Data supplied

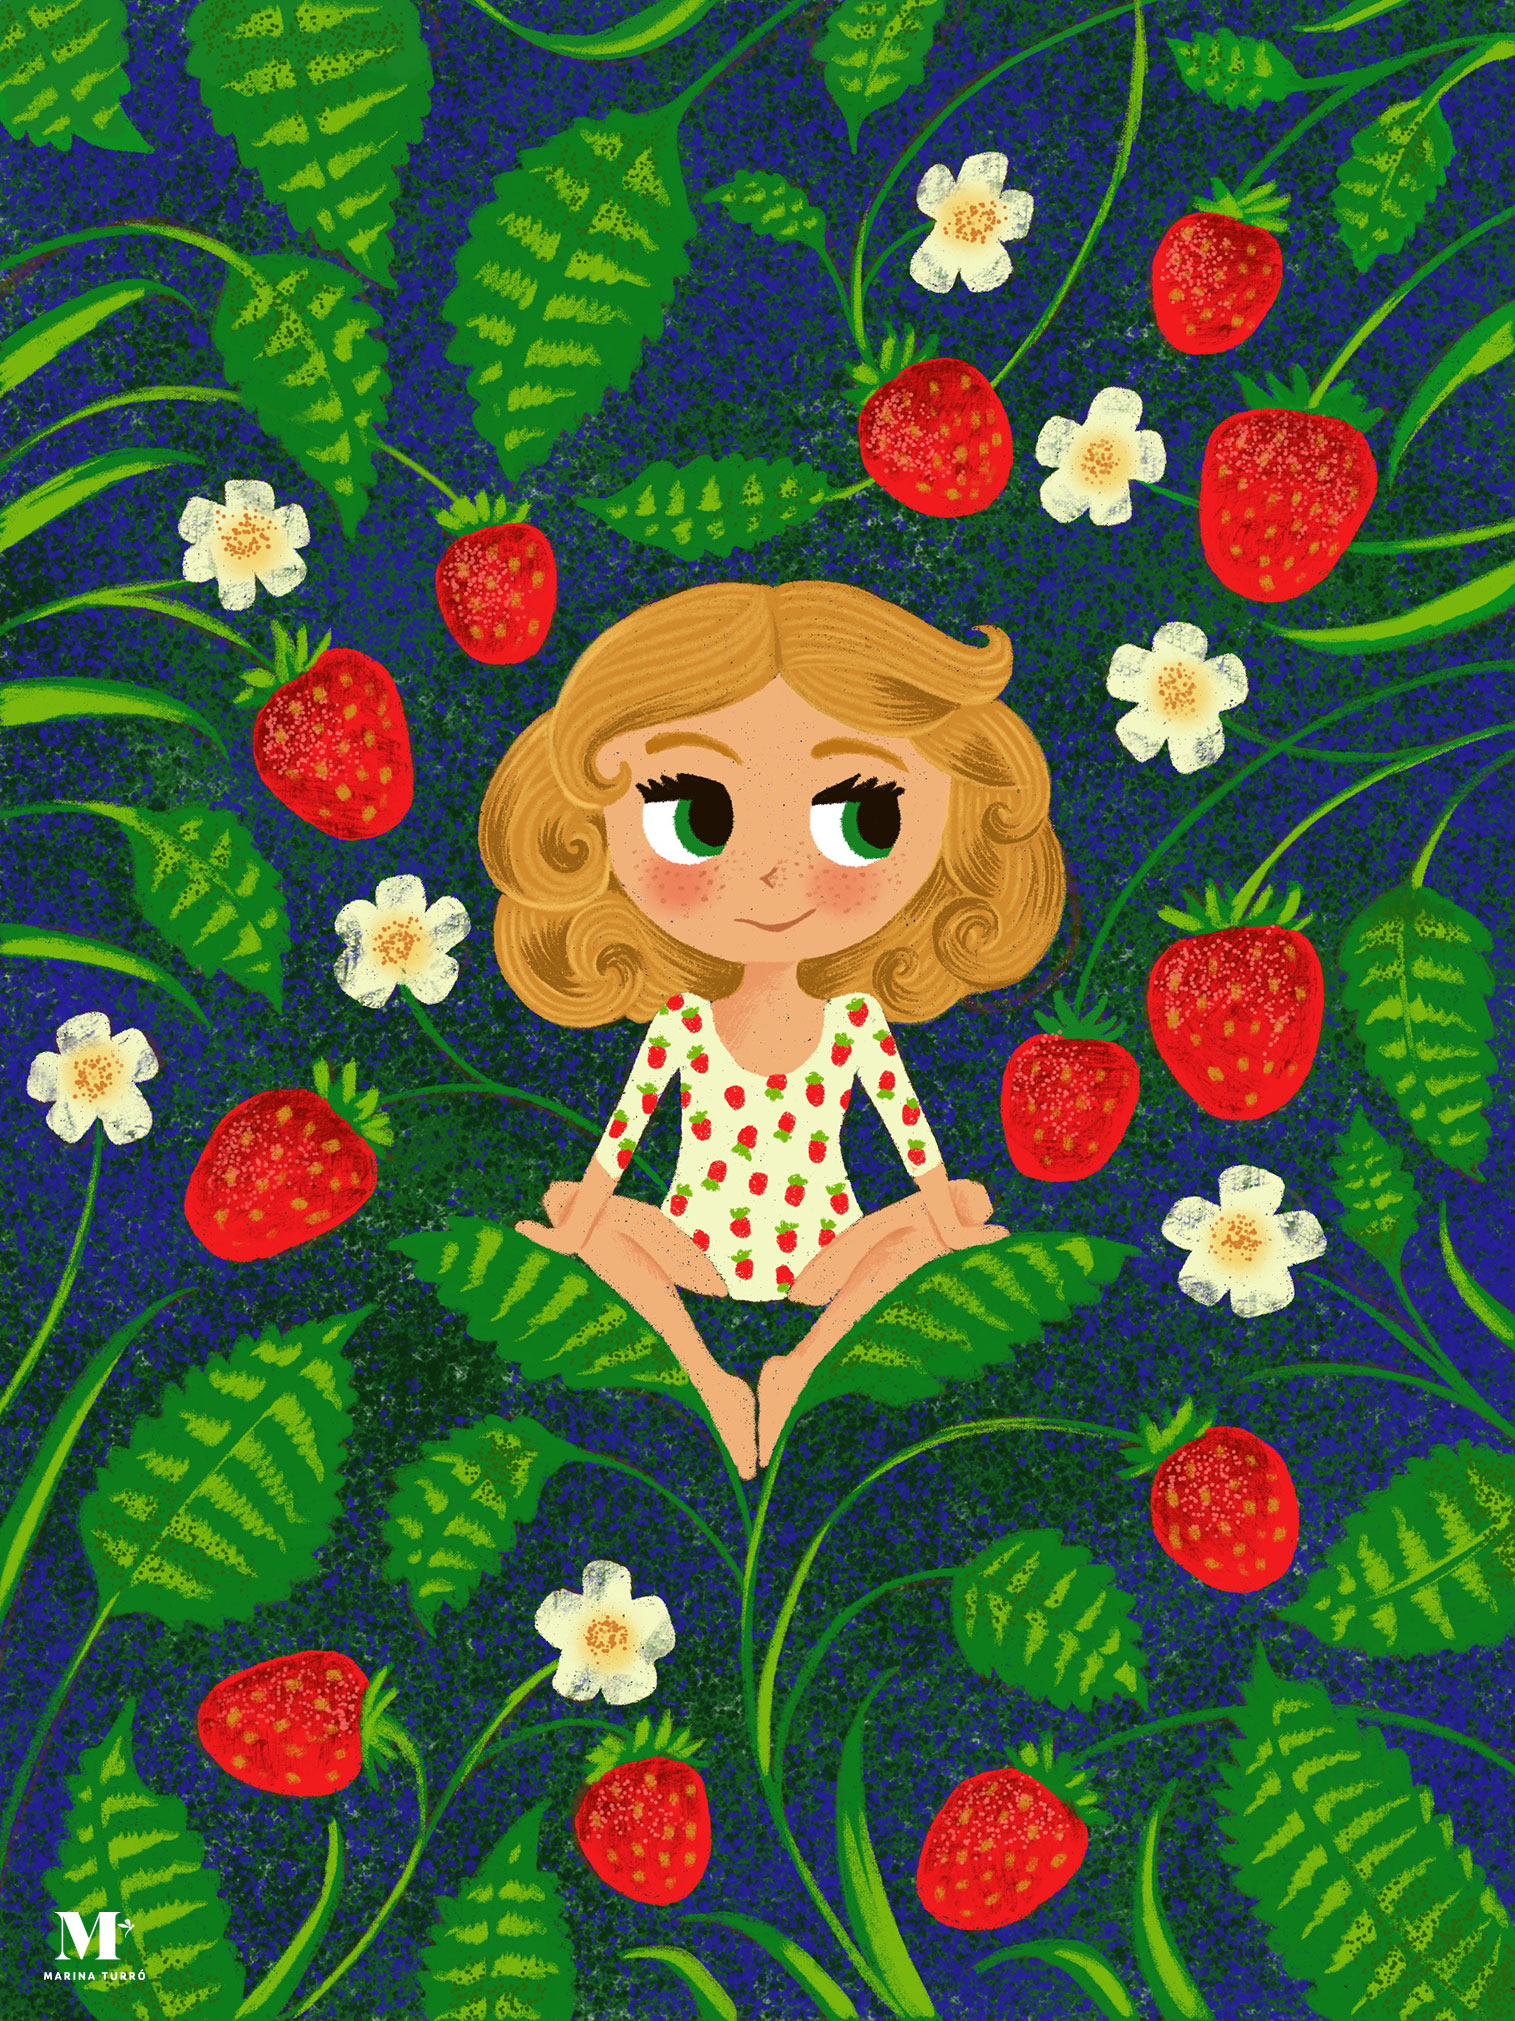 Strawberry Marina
==
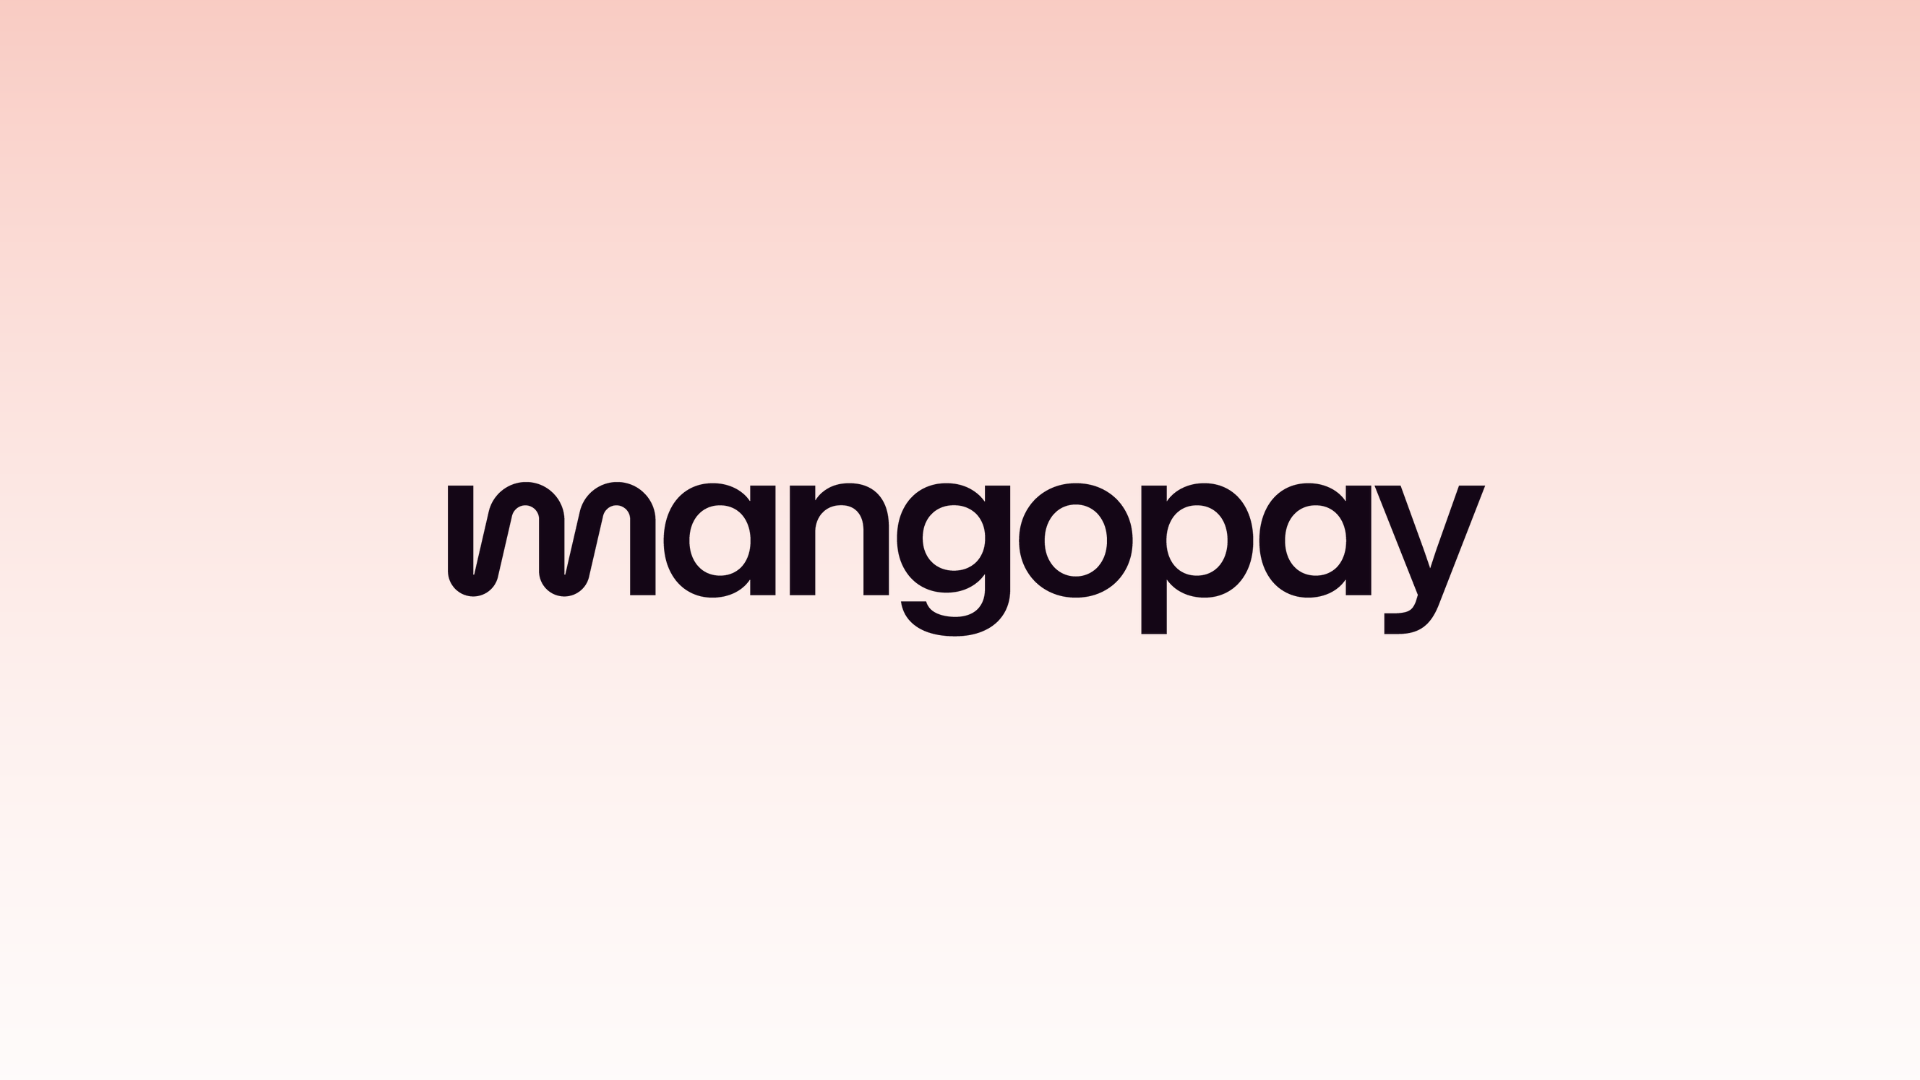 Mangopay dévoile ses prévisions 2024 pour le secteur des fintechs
---
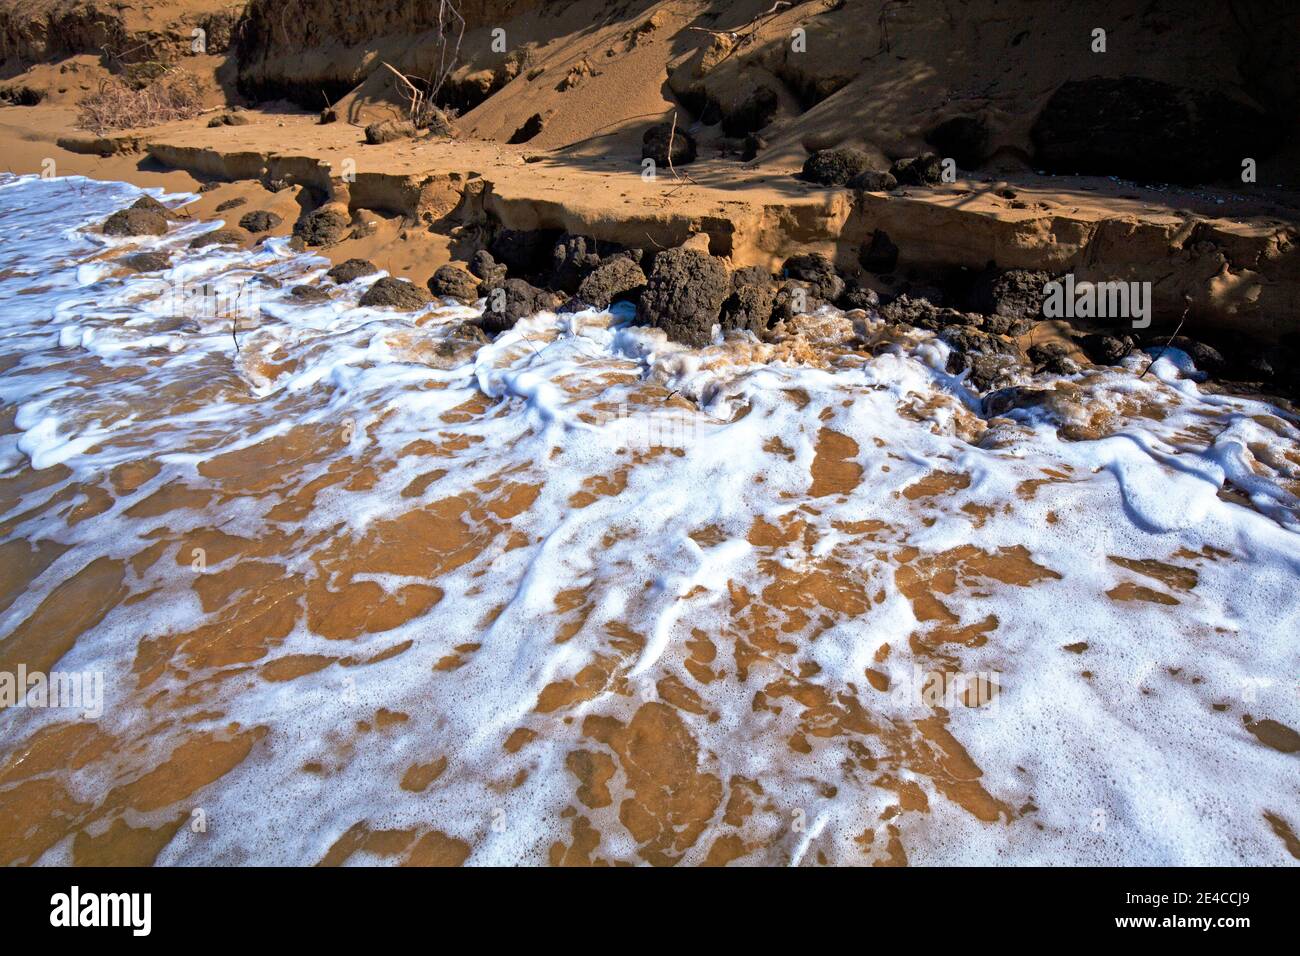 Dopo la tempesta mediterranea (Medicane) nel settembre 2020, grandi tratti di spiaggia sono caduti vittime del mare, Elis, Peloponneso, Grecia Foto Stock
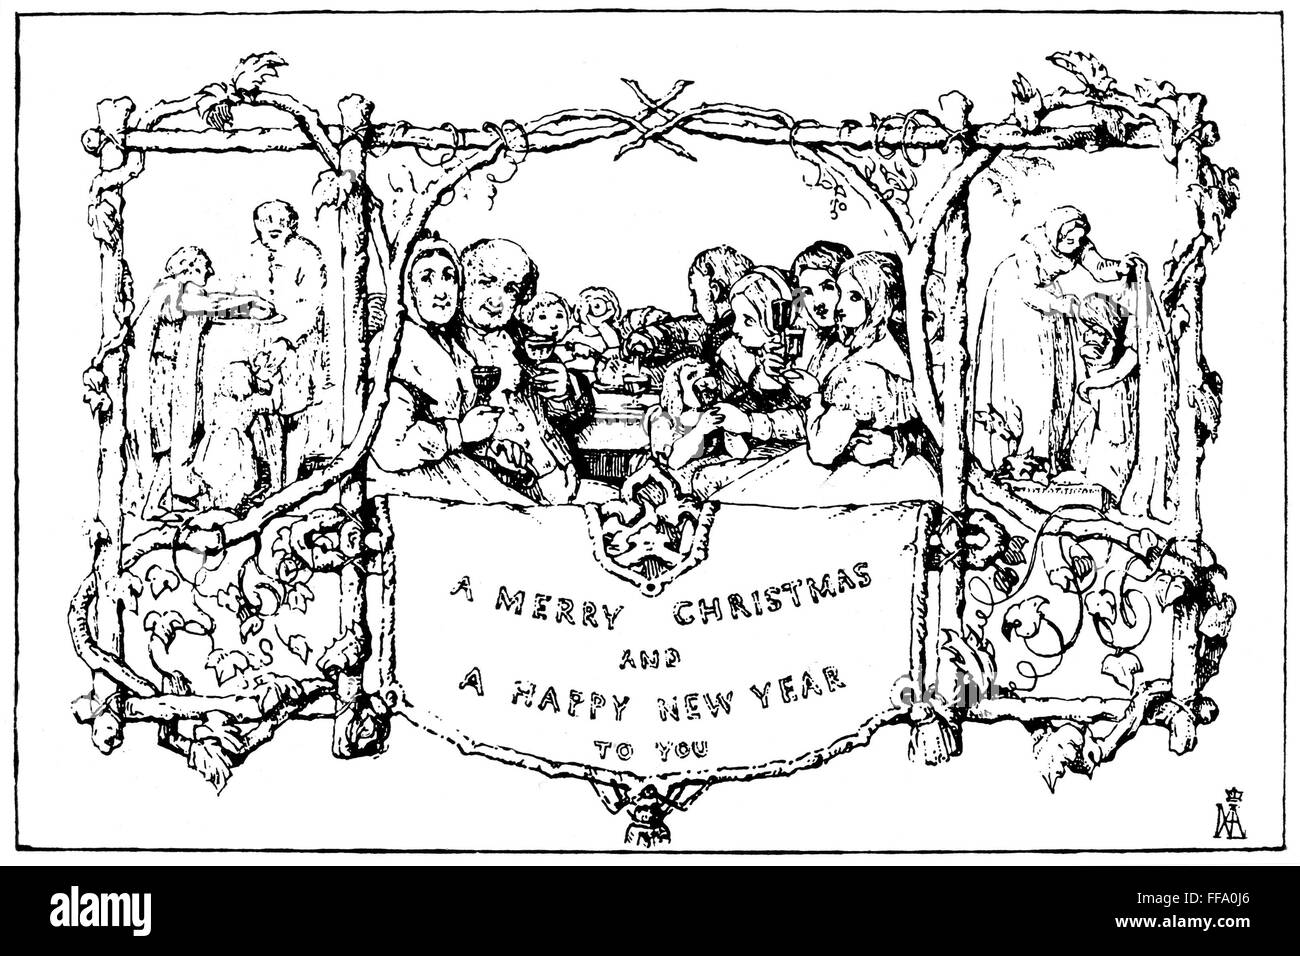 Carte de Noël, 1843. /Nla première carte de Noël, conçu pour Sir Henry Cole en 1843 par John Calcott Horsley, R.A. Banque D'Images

Work item
The expected output is the lines above from the one containing "Dopo la tempesta" to the one containing "Carte de Noël, 1843.", both ends included, reproduced exactly with every picture left out.

Expected output
 Dopo la tempesta mediterranea (Medicane) nel settembre 2020, grandi tratti di spiaggia sono caduti vittime del mare, Elis, Peloponneso, Grecia Foto Stock
 Carte de Noël, 1843. /Nla première carte de Noël, conçu pour Sir Henry Cole en 1843 par John Calcott Horsley, R.A. Banque D'Images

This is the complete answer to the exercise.